Getters/Setters that don’t reflect in a property are of course here to stay, like the setContentOffset of Ti.UI.ScrollView or setValue of Ti.UI.Silder. These setters give extra functionality you’d otherwise miss. A getter example would be getSelectedRow on Ti.UI.Picker – this one requires input and isn’t reflected with a property.

How do you prepare your app for this? Well, that is easy. Whereever you use a getter or setter that is exactly the same as the property (as most are), just refactor that to the property. You don’t have to do this for the entire app at once, since there is plenty of time before Titanium SDK 9.0 comes out. (8.0 isn’t even out yet!). Then, by the time 9.0 comes around and you want to switch, your code will be ready for it.

Change $.myView.setHeight(50) to $.myView.height = 50, and change var height = $.myView.getHeight() to var height = $.myView.height.

x & y coordinates

When positioning elements by default, you’re using dp. This means the iPhone 8 is 360 wide, as well as a lot of the popular Android devices.

However, when using 2dmatrix and touch events the positions weren’t (always) defined with this in mind, and you’d had to translate this manually by using the DisplayCaps object. Starting in Titanium SDK 8.0 this is no longer the case, as it will use the default configured in tiapp as it should have from the start.

So how do you prepare your code for this? Well that is a little bit more complicated as numbers will change from one SDK to the other. So, unlike our other examples you cannot prepare code for it in that perspective. However, you could check for SDK version using Ti.Version and match if it is version 8 or higher, at which case no more calculating is needed and you can just stick with the numbers that are coming through.

All you need is a simple if/else statement, and this won’t make you forget about it either. It’ll automatically switch over for you in case you forgot this change was going to be there, and whenever you really aren’t going to use an SDK lower than 8, you can just remove the if/else statement again.

blob.imageAs

Image blobs have a couple imageAs methods where you can manipulate the images. Some of these, all related to borders, will change slightly. Previously the behaviour was inconsistent cross platform, starting in Titanium SDK 8.0 this will change so that the borders will be added to the image instead of cropping out the existing image.

Affected methods are imageAsThumbnail, imageWithRoundedCorner and imageWithTransparentBorder.

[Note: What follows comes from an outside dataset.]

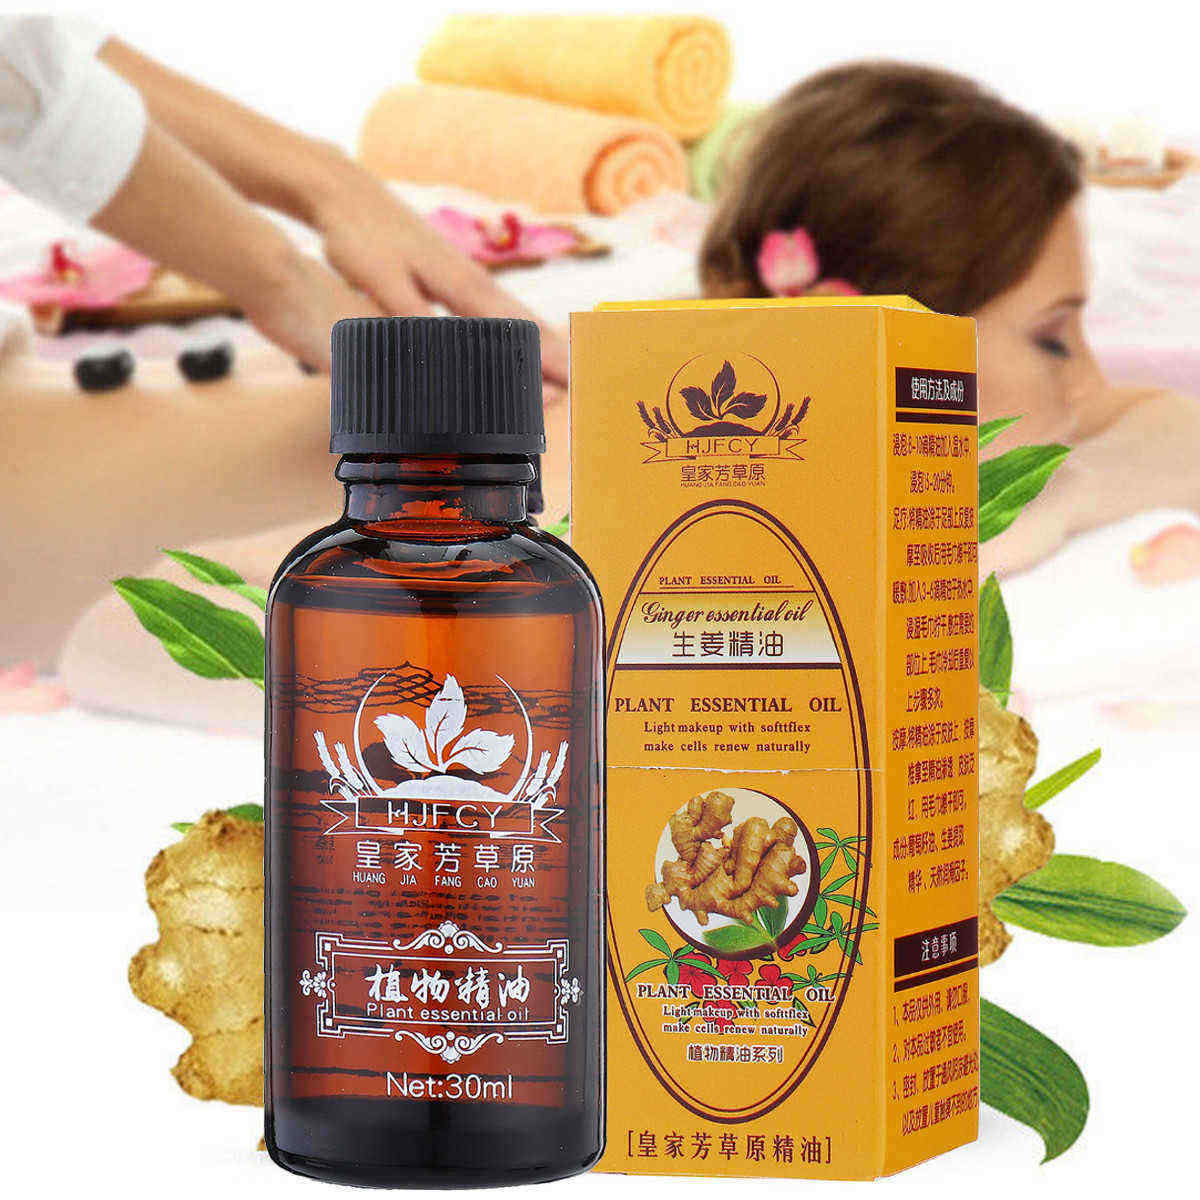 100-Natural-Plant-Therapy-Lymphatic-Drainage-Ginger-Essential-Oil-Anti-Aging-Body-Massage-1335254

As with the x & y coordinates, there isn’t really something you can do to prepare your code as the final result is actually different with the same methods. However, yet again I’d recommend adding a Ti.Version check right now already if you’re using these methods and rely on the image size on output.

Smaller changes

These changes are smaller, but might impact some of the apps. Have a look at this list, and then at your code to make sure you aren’t using anything. Some of these already trigger errors when you use them now, some don’t.

  • Ti.Yahoo is being removed
  • Some Ti.UI.KEYBOARD_* constants will be removed (triggers warnings already now, because they’re already deprecated).
  • iOS minimum deployment target is iOS 9. But since most of you target 9/10 or higher this shouldn’t impact too much. However, if you still target iOS 8 you should be aware of this.

Conclusion

Most breaking changes are easy to get ahead of. Some require a little bit of work but shouldn’t be to difficult. As with everything, if you encounter bugs in the SDK create a JIRA ticket. If you encounter other issues or have questions, jump onto the Slack community.